While raw access to files is useful, prompts allow us to package this data into actionable instructions. We can define a prompt that automatically retrieves a log file and asks the LLM to analyze it. This removes the burden of prompt engineering from the end-user.

We define a prompt named analyze-log that accepts a filename argument.

@mcp.prompt("analyze-log")
def analyze_log_prompt(filename: str) -> list:
    """
    Create a prompt context to analyze a specific log file.
    """
    return [
        {
            "role": "user",
            "content": {
                "type": "text",
                "text": f"Please analyze the following log file for errors and warning patterns: logs://{filename}"
            }
        }
    ]

When this prompt is selected in the client, it injects a user message containing the URI. The client, recognizing the URI, will fetch the content using our previously defined resource handler and embed it into the context window before sending it to the LLM.

Running the Server

The FastMCP class handles the underlying JSON-RPC communication over standard input/output (stdio). To run the server, you simply invoke the script.

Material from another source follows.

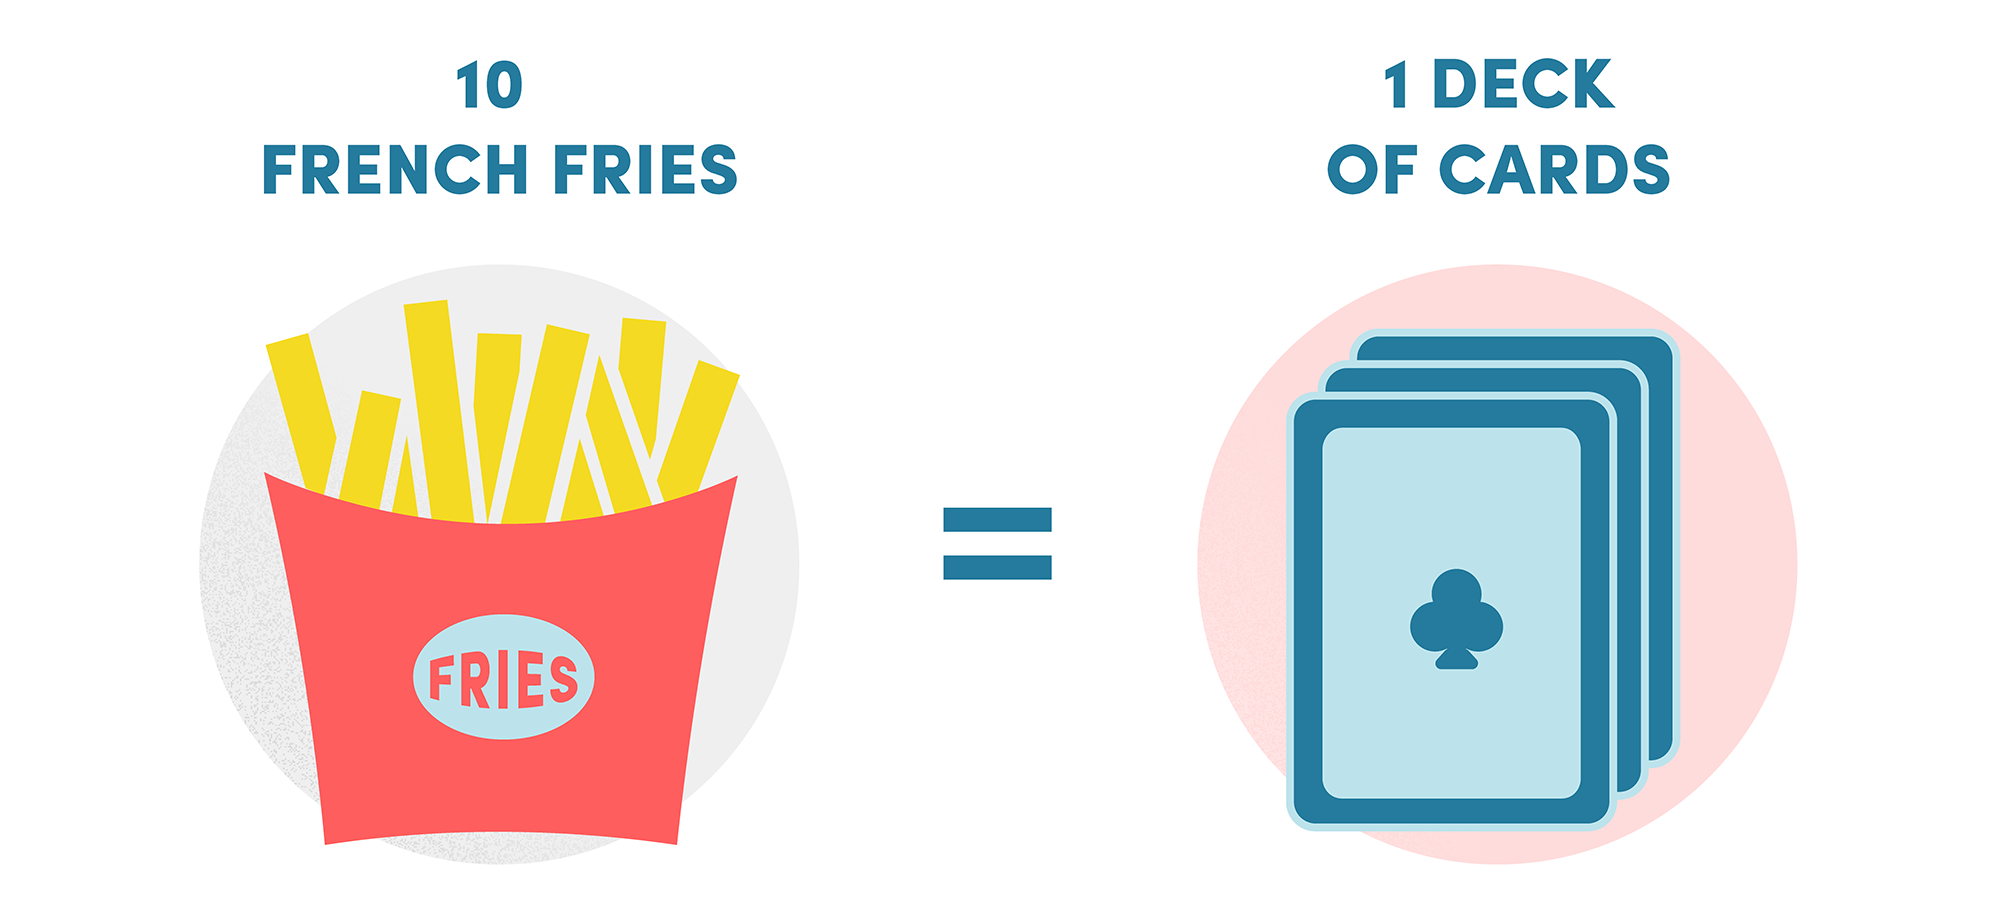 10 French Fries Equals One Deck Of Cards

if __name__ == "__main__":
    mcp.run()

To test this integration, you do not run this Python script directly in isolation. Instead, you configure an MCP client (like the MCP Inspector or Claude Desktop) to execute this script. The client manages the process lifecycle, sending requests to stdin and reading responses from stdout.

Security Measures

Exposing a file system to an LLM requires strict boundary enforcement. In our get_log_file function, we implemented a basic path traversal check (..). In a production environment, you should use more rigorous path validation:

1. Path Normalization: Resolve the requested path to its absolute form.
2. Prefix Checking: Verify that the resolved path starts with the BASE_DIR path.
3. Read-Only Mode: Ensure the file system permissions for the server process are restricted to read-only access for the data directories.

By following these patterns, you establish a secure channel for local data to enter the model's context, transforming static files into dynamic knowledge resources.